Job Description
As a Principal / Senior Data Engineer, you will spearhead our data initiatives, transforming raw data into strategic assets that propel our business forward. This role is designed for those who excel in a dynamic environment, offering the freedom to innovate and the responsibility to deliver.
Core Responsibilities:
1. Identify and harness high-value data opportunities within our product suite, converting raw data into impactful features and reusable assets.
2. Act as the authoritative voice on data technology, steering our organization towards cutting-edge platforms and methodologies.
3. Architect and execute comprehensive data projects, ensuring robust scalability and performance from conception to deployment .

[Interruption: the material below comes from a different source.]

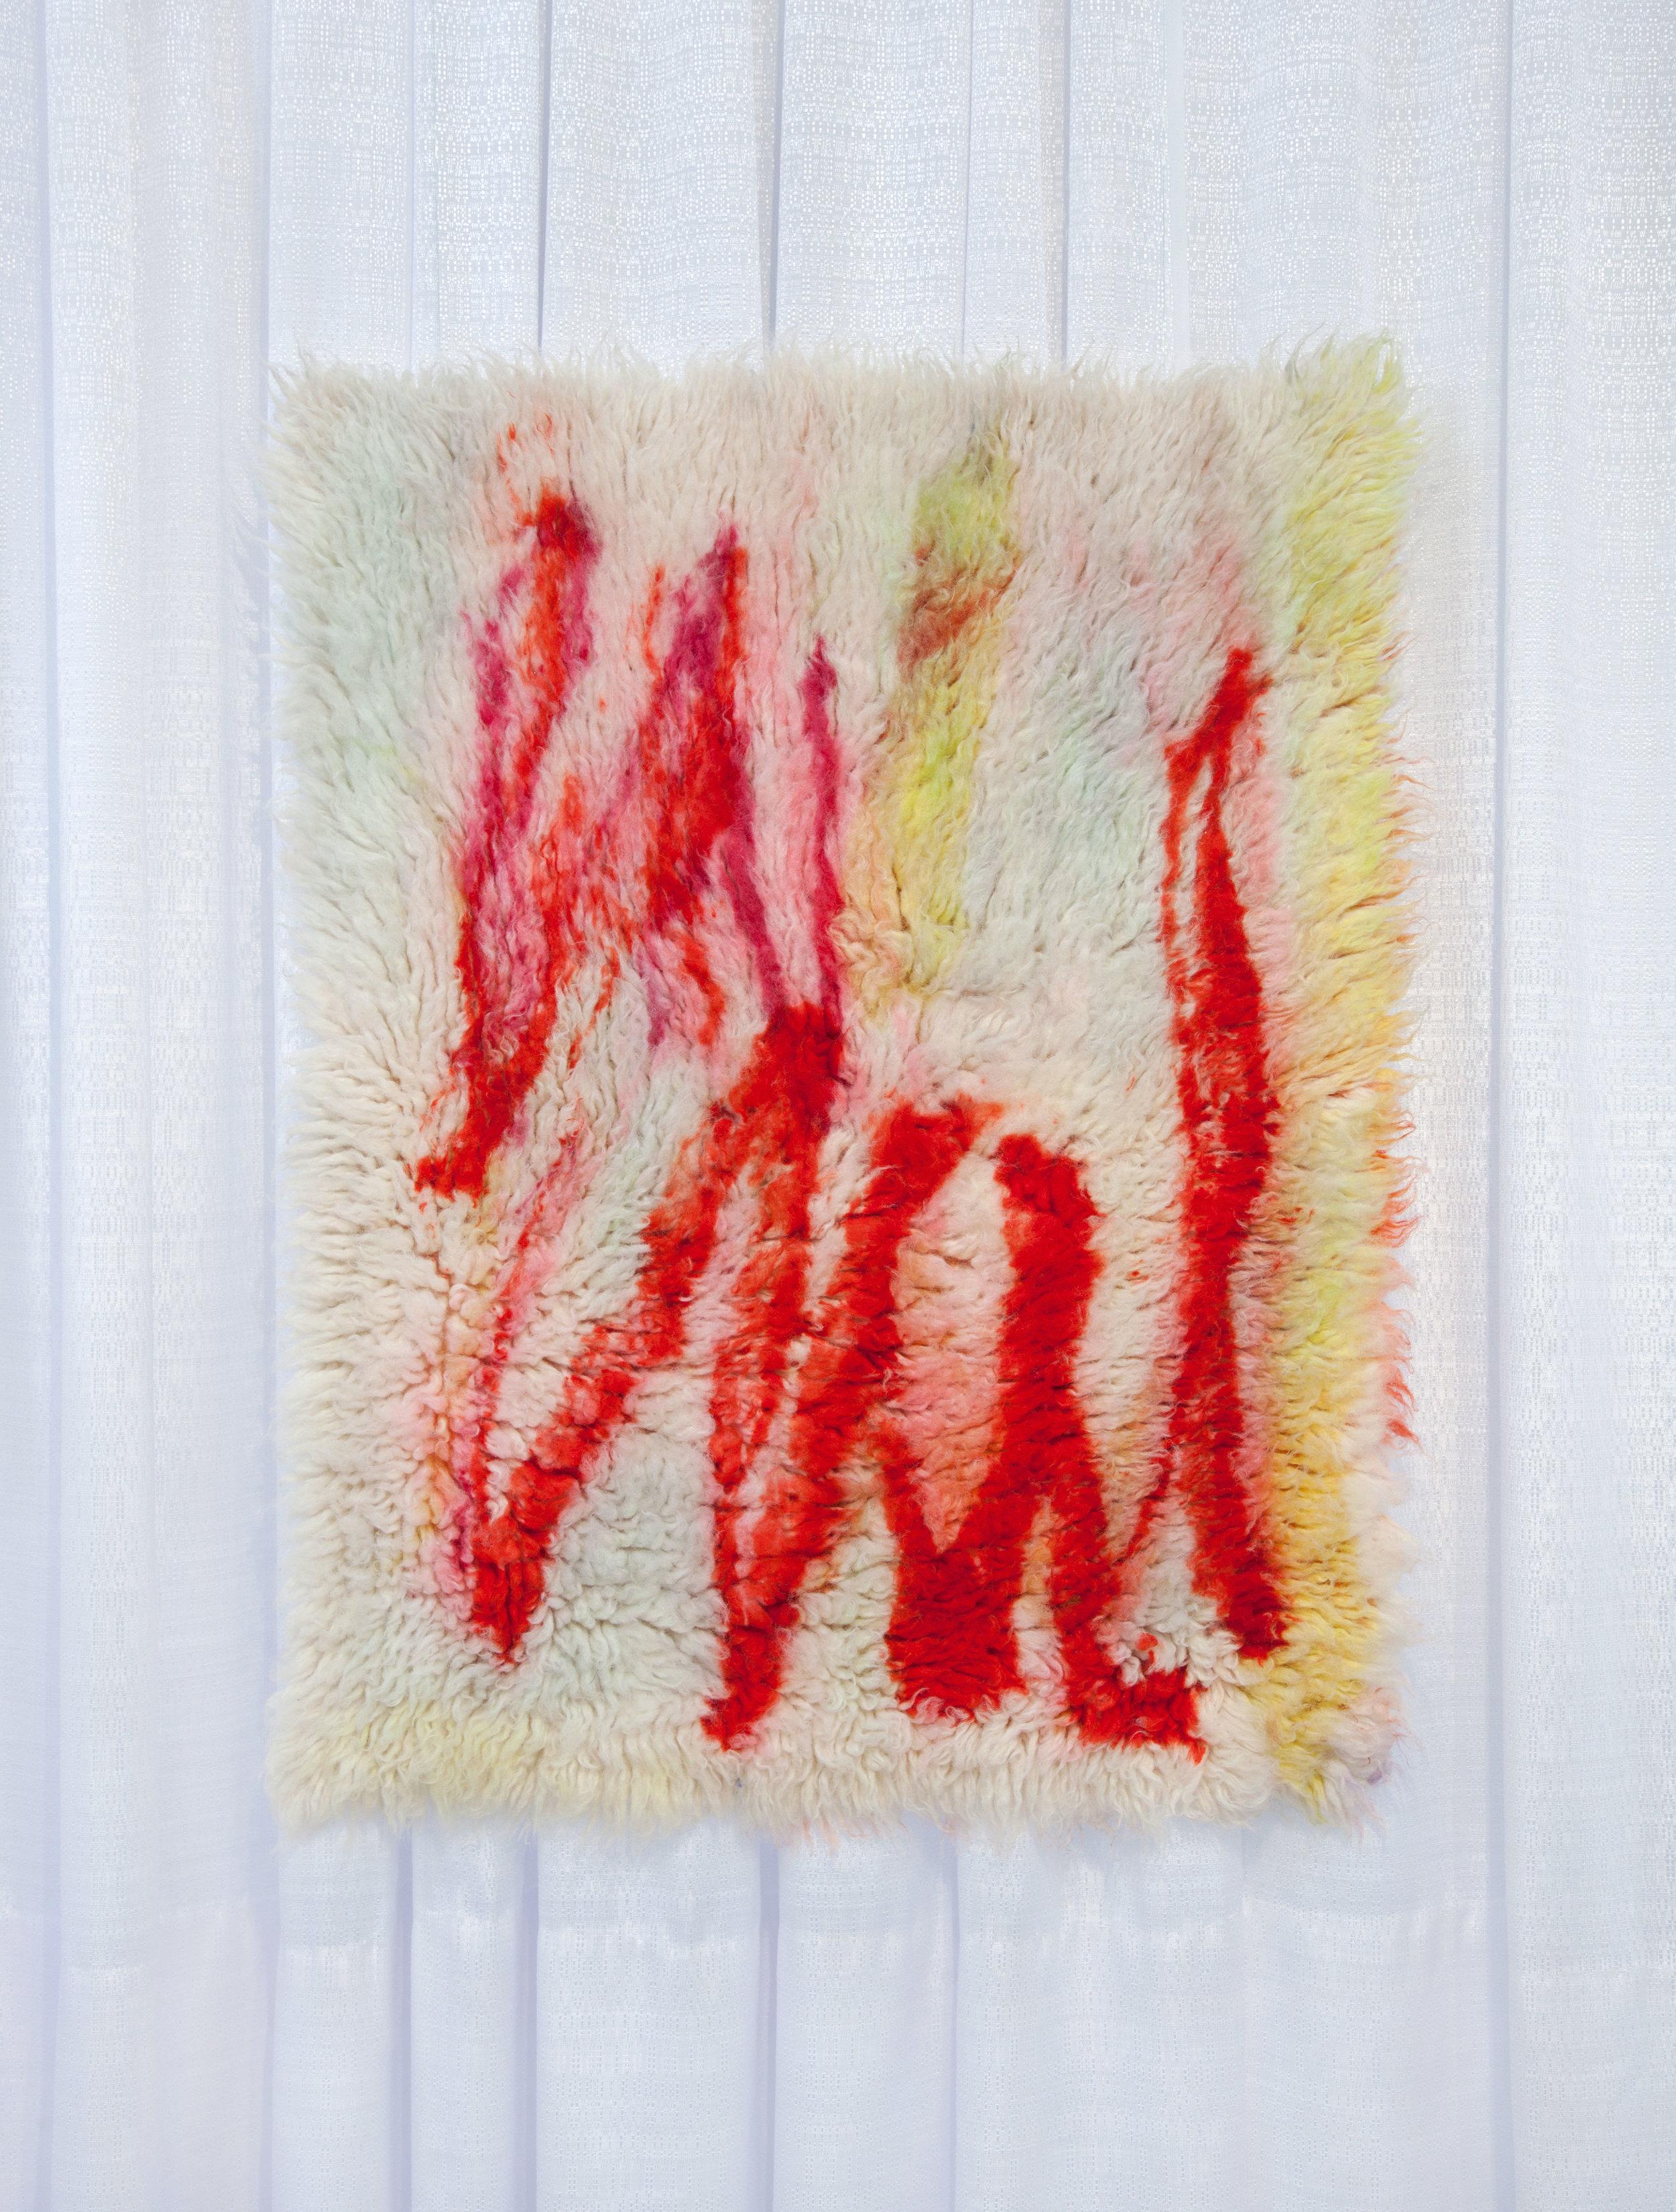 A letter is a platform, 2017, w ool rug, acid dye, hairspray.2' x3'

4. Collaborate with a team of ML Engineers, Data Scientists, and other key stakeholders to design, implement, and maintain data pipelines that fuel advanced analytics and AI-driven solutions .
5. Embrace the role of a data evangelist, presenting at industry conferences, leading webinars, and authoring thought-leadership content to share knowledge and influence the broader tech community.
Qualifications
6. A minimum of 5 years in data engineering, with expertise in scalable architectures such as Data Lakes, Graph, and Vector Databases (, ADLS, neo4j, Elasticsearch).
7. Proficiency in developing data pipelines across diverse environments, leveraging Azure and other modern technologies.
8. Proven ability to orchestrate complex data workflows and manage Kubernetes clusters on AKS, utilizing tools like Airflow, Kubeflow, Argo, and Dagster.
9. Familiarity with data ingestion tools such as Airbyte and Fivetran, accommodating a wide array of data sources.
10. Mastery of large-scale data processing techniques using Spark or Dask.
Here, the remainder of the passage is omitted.